Problem statement - Repeat the lines of the data exactly and exclude any picture among them.
[Collected material]
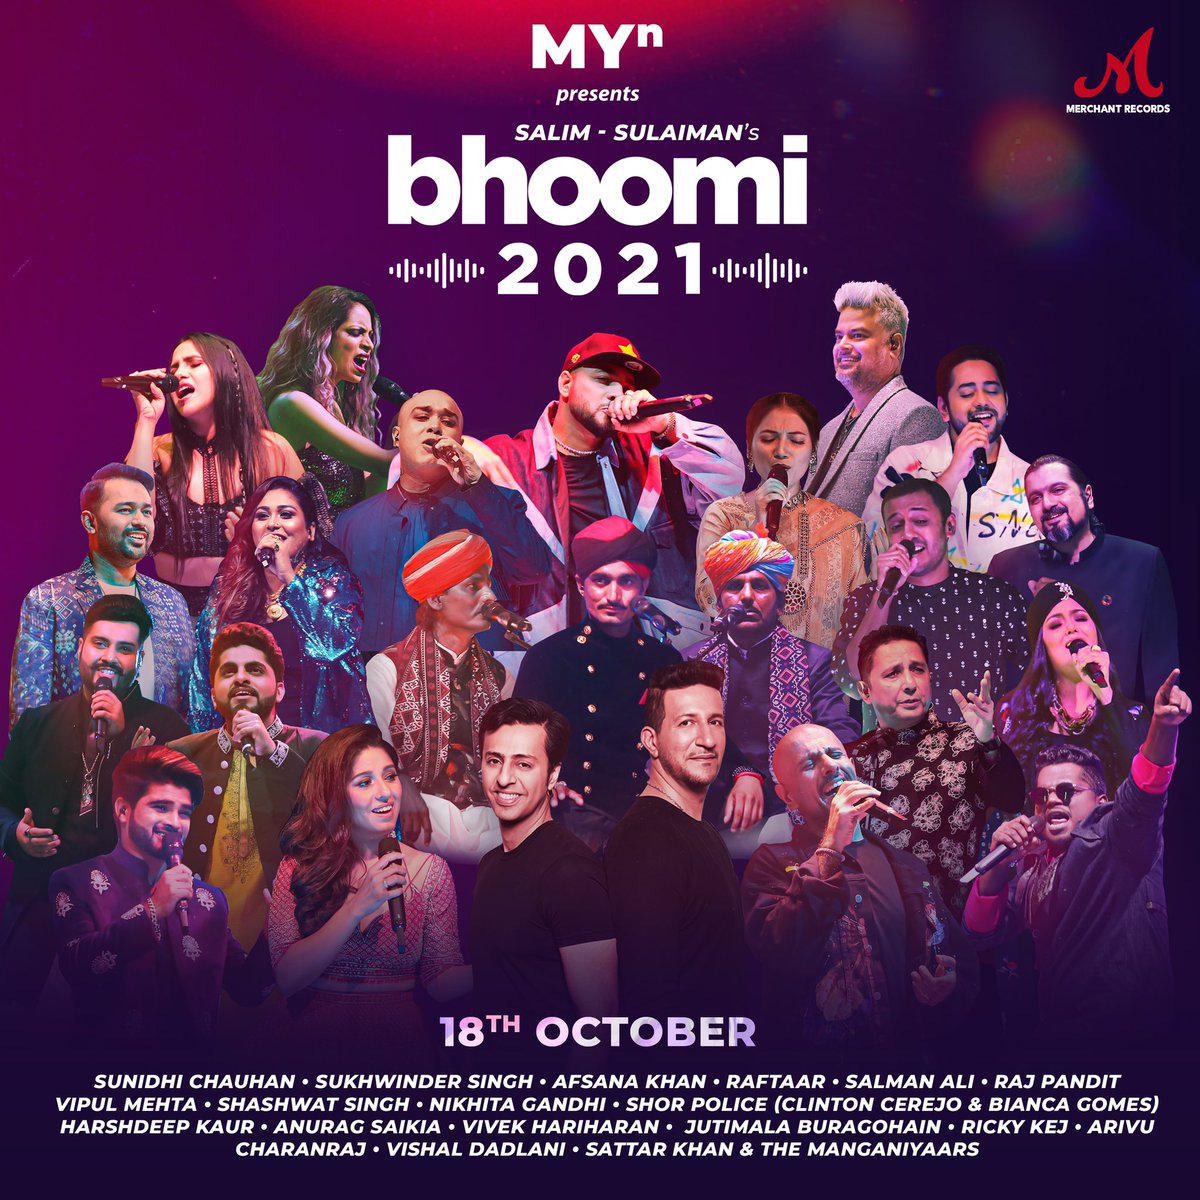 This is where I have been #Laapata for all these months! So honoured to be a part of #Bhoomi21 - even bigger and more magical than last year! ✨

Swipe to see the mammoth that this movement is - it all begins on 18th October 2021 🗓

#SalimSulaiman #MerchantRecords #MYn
[/Collected material]
Exercise answer -
 This is where I have been #Laapata for all these months! So honoured to be a part of #Bhoomi21 - even bigger and more magical than last year! ✨

Swipe to see the mammoth that this movement is - it all begins on 18th October 2021 🗓

#SalimSulaiman #MerchantRecords #MYn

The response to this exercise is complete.